Combines columns from a list of StepInput.

CombineColumns is a Step that implements the process method that calls the combine_dicts function to handle and combine a list of StepInput. Also CombineColumns provides two attributes columns and output_columns to specify the columns to merge and the output columns which will override the default value for the properties inputs and outputs, respectively.

Attributes

  • columns: List of strings with the names of the columns to merge.

  • output_columns: Optional list of strings with the names of the output columns.

Input & Output Columns

graph TD
    subgraph Dataset
        subgraph Columns
            ICOL0[dynamic]
        end
        subgraph New columns
            OCOL0[dynamic]
        end
    end

    subgraph CombineColumns
        StepInput[Input Columns: dynamic]
        StepOutput[Output Columns: dynamic]
    end

    ICOL0 --> StepInput
    StepOutput --> OCOL0
    StepInput --> StepOutput

Inputs

  • dynamic (determined by columns attribute): The columns to merge.

Outputs

  • dynamic (determined by columns and output_columns attributes): The columns that were merged.

Examples

Combine columns of a dataset

from distilabel.steps import CombineColumns

combine_columns = CombineColumns(
    name="combine_columns",
    columns=["generation", "model_name"],
)
combine_columns.load()

result = next(
    combine_columns.process(
        [{"generation": "AI generated text"}, {"model_name": "my_model"}],
        [{"generation": "Other generated text", "model_name": "my_model"}]
    )
)
# >>> result
# [{'merged_generation': ['AI generated text', 'Other generated text'], 'merged_model_name': ['my_model']}]

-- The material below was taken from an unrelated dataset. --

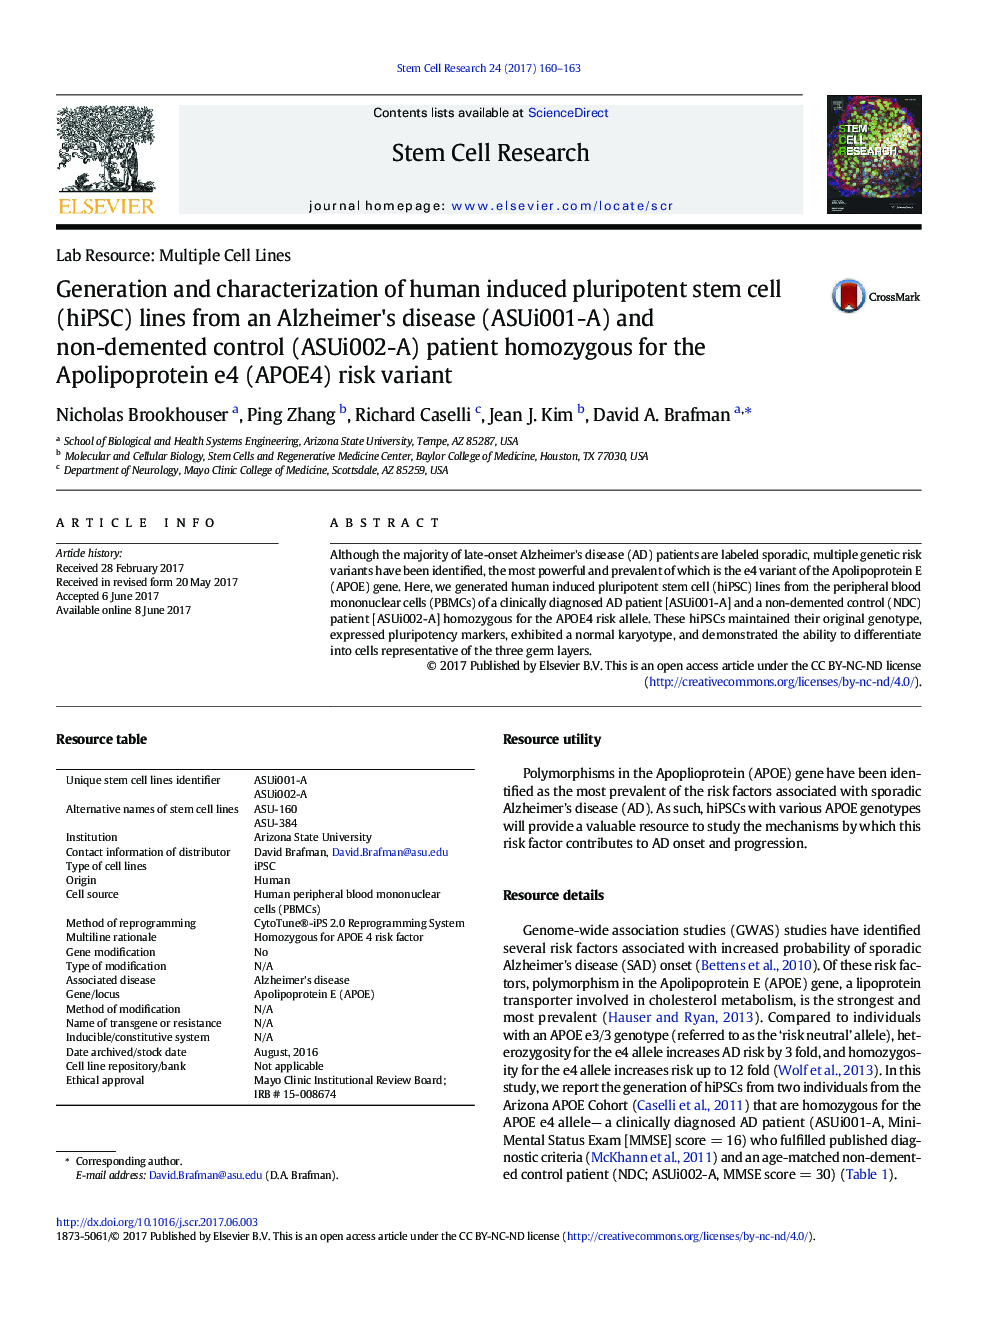 Generation and characterization of human induced pluripotent stem cell (hiPSC) lines from an Alzheimer's disease (ASUi001-A) and non-demented control (ASUi002-A) patient homozygous for the Apolipoprotein e4 (APOE4) risk variant
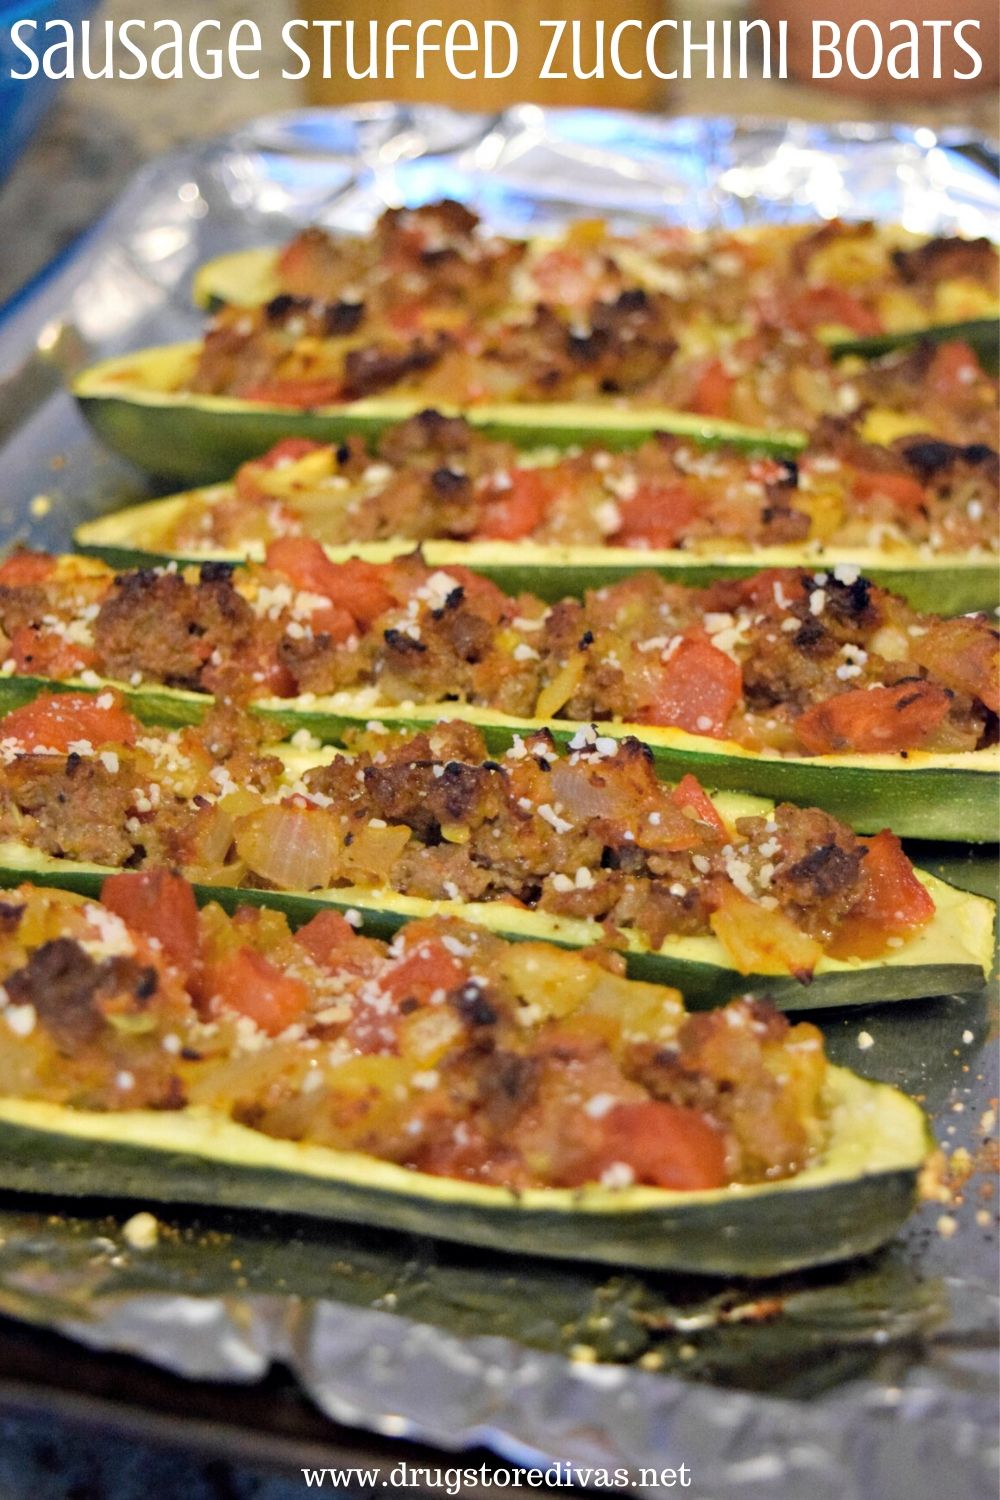 Sausage Stuffed Zucchini Boats are stuffed with sausage, tomatoes, onions, and more. They're good for keto and WW too.

Specify the name of the output columns

from distilabel.steps import CombineColumns

combine_columns = CombineColumns(
    name="combine_columns",
    columns=["generation", "model_name"],
    output_columns=["generations", "generation_models"]
)
combine_columns.load()

result = next(
    combine_columns.process(
        [{"generation": "AI generated text"}, {"model_name": "my_model"}],
        [{"generation": "Other generated text", "model_name": "my_model"}]
    )
)
# >>> result
#[{'generations': ['AI generated text', 'Other generated text'], 'generation_models': ['my_model']}]